Dagmar blanched and cursed beneath his breath, but Ghost continued, needing to confide, desperate to release what she’d kept secret for so long.

“I watched her—I am called Ghost for my skin and my hair. But I have become one. I have learned how to blend in, to disappear, to be invisible. I waited and I watched. I planned. And then one day, I got my opportunity. But I couldn’t do it. As much as I hated the king for what he’d done, what he’d taken from me. I could not hate the queen, a woman who so obviously loved and cared for my daughter. She held her so gently. She was so patient . . . and kind. And she was able to give her a life . . . that I could never give her.” Ghost raised her eyes to Dagmar and then to the Highest Keeper, pleading for them to understand. “My daughter was a princess. And I was a ghost. I could not take her from the people who loved her so perfectly. There would have been nowhere I could go, no place to take her where I wouldn’t have been hunted down. In this world, in this temple . . . she had a protector.”

“Bayr,” Dagmar whispered.

“Yes. And all of you.”

“That is why you are here. That is why Banruud dreamed of pale wraiths who came to take his child. Today the king . . . has seen his ghost,” Ivo said, sinking back into his chair, his staff clattering to the floor.

“He thought I was dead. He sent men to kill me then. He will send them to kill me again.”

“What have you done?” Ivo moaned, and Ghost’s grief swelled into fury at his condemnation.

“I have watched my daughter grow. I have seen her raised as a Princess of Saylok. She is loved. She is protected. She is safe.” The final words rang false, and Ghost closed her eyes on her fear.

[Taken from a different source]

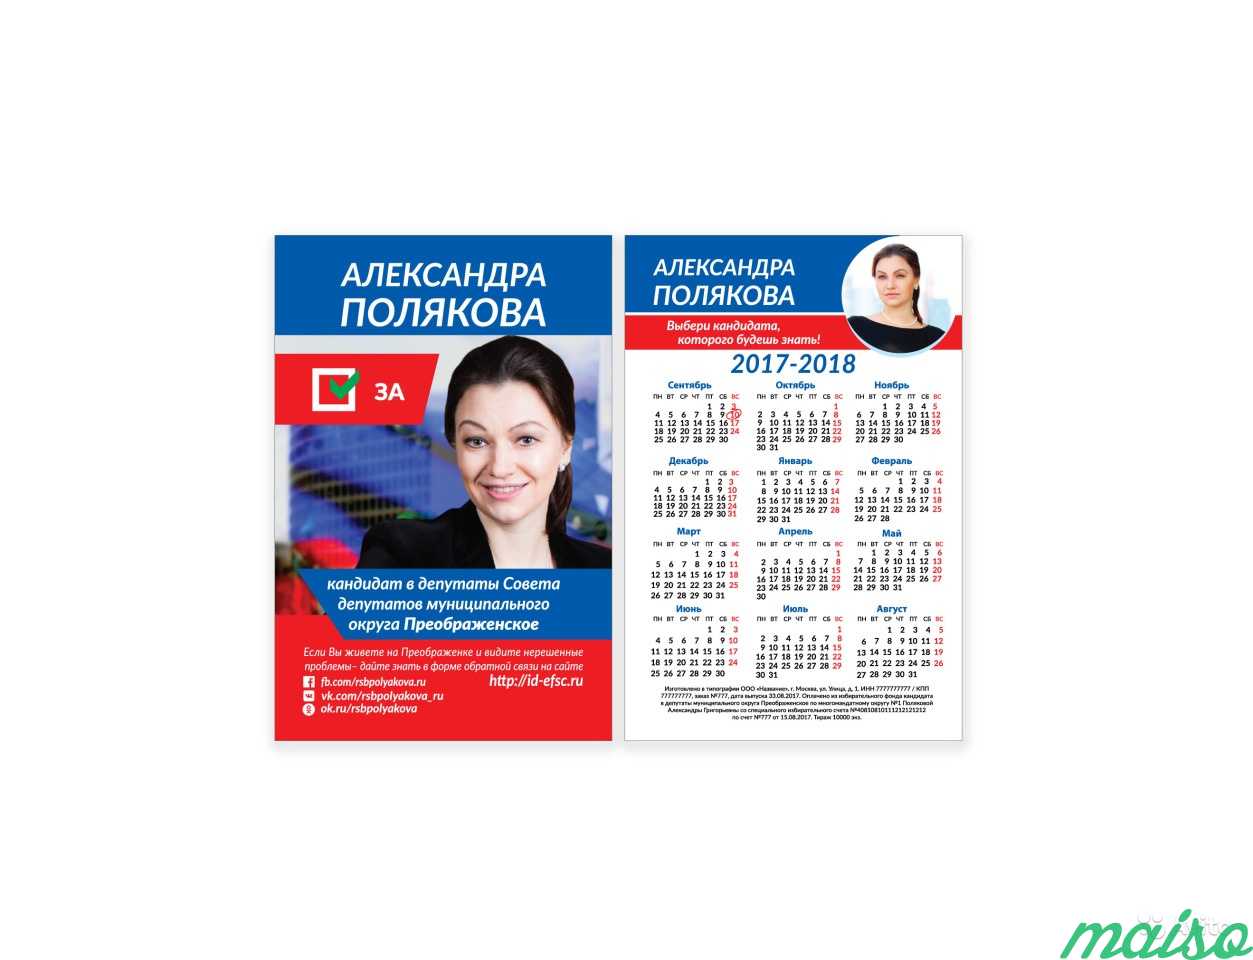 Дизайн логотипа, визитки, листовки в Москве. Фото 4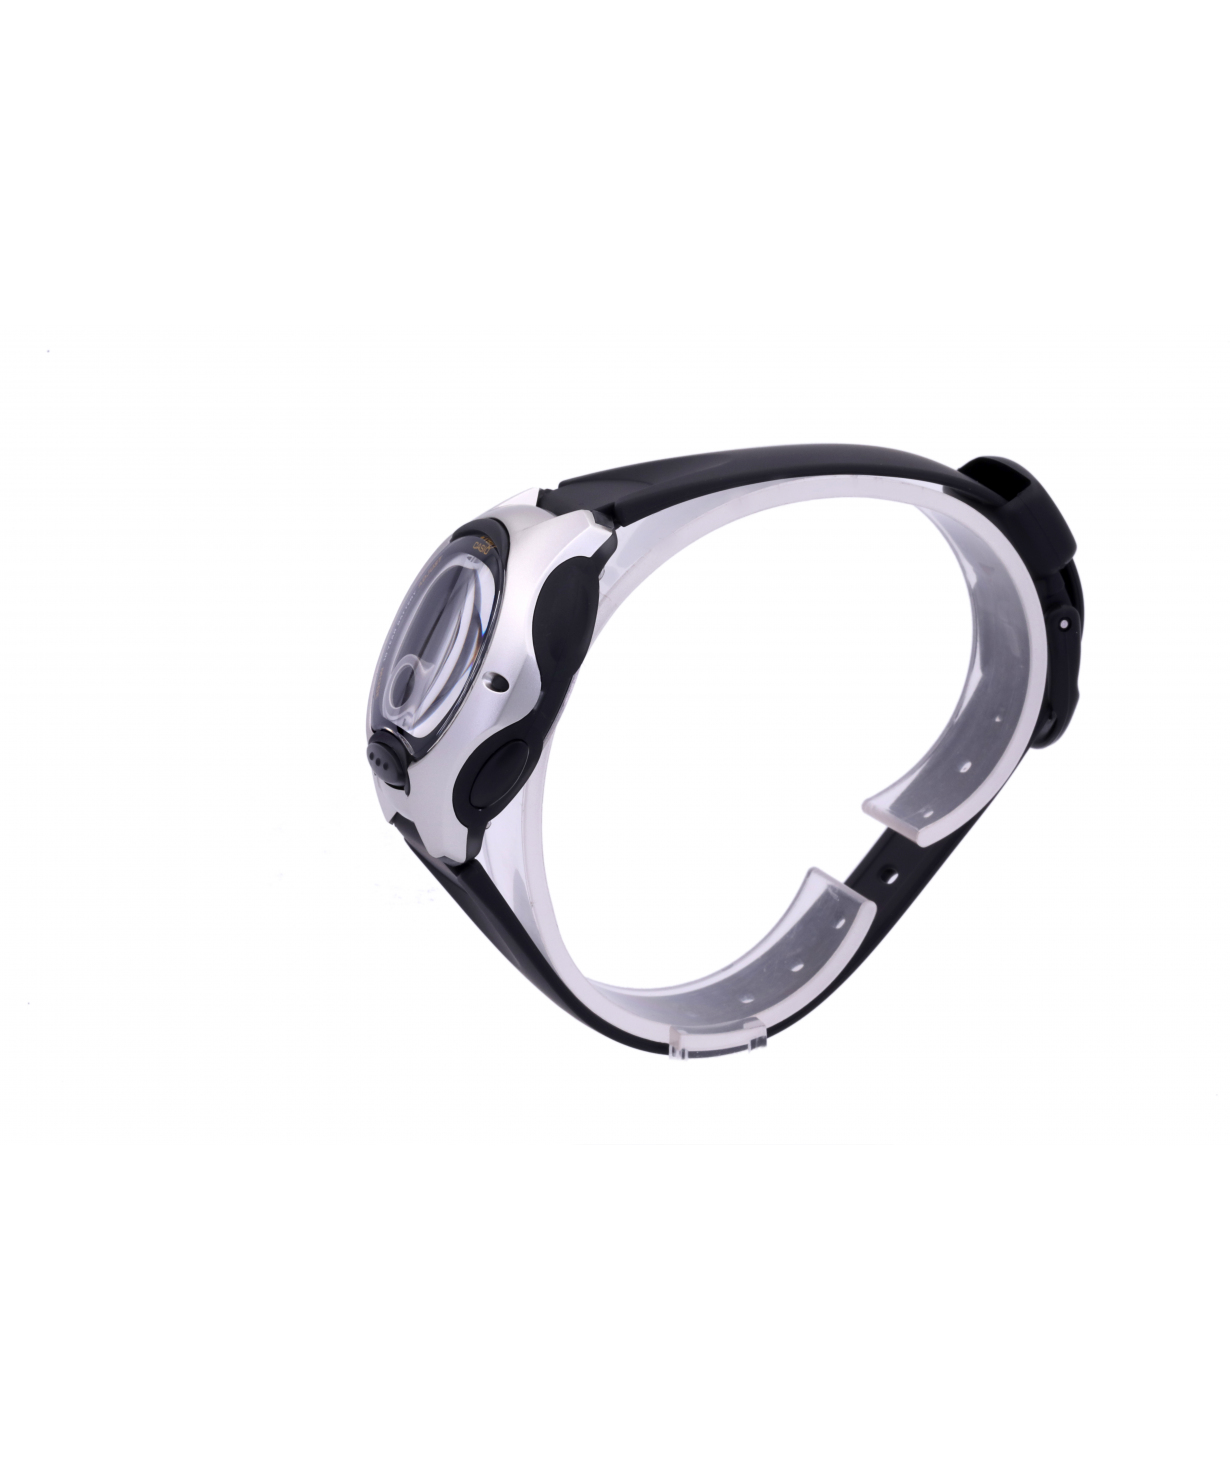 Wristwatch `Casio` LW-200-1AVDF

“She isn’t safe, Ghost. You aren’t safe! Banruud saw you, and Alba is about to become Queen of the Northlands,” Dagmar moaned.

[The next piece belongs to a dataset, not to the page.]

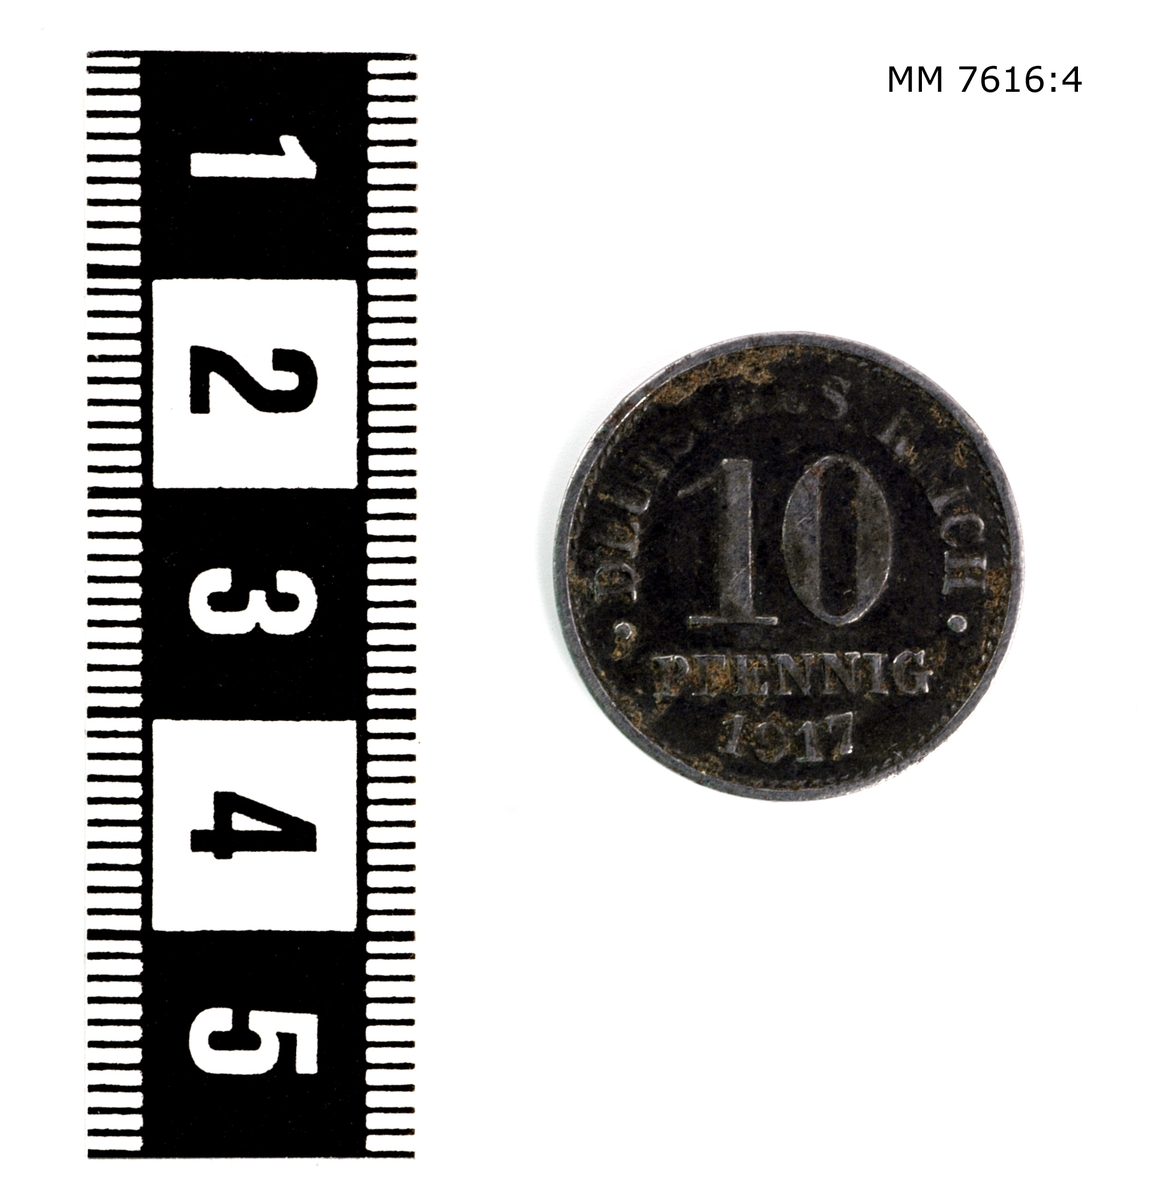 Mynt av järn, 10 pfennig Tyskland. Präglad på ena sidan: figur av en örn, på andra sidan: "Deutsches reich 10 pfennig 1917".

“Better Queen of the Northlands than the daughter of a ghost,” she shot back, wounded, and Dagmar touched her hand as though he’d forgotten Ivo observed. But Ivo was already speaking, his voice a weary wail.

“We made Banruud king. We made him king. And the curse upon the clans continues. We have failed the people. Bayr was our salvation. And I knew it. I did not listen to the gods. Now it is too late.”

“You m-made Banruud king,” Ghost stammered. “You gave him his power. Can you not . . . take it away?”

“How?” Ivo asked, raising his clawed hands to the heavens. “We are a temple of aging keepers and hunted women. We have no power to remove Banruud. Should we seek to remove him by the sword? We have lost the faith of the people and the support of the chieftains. You heard the crowd today. The keepers have failed them. The Northmen are at our door, the king conspires to sell our daughters, and the temple—even Saylok—hangs in the balance.”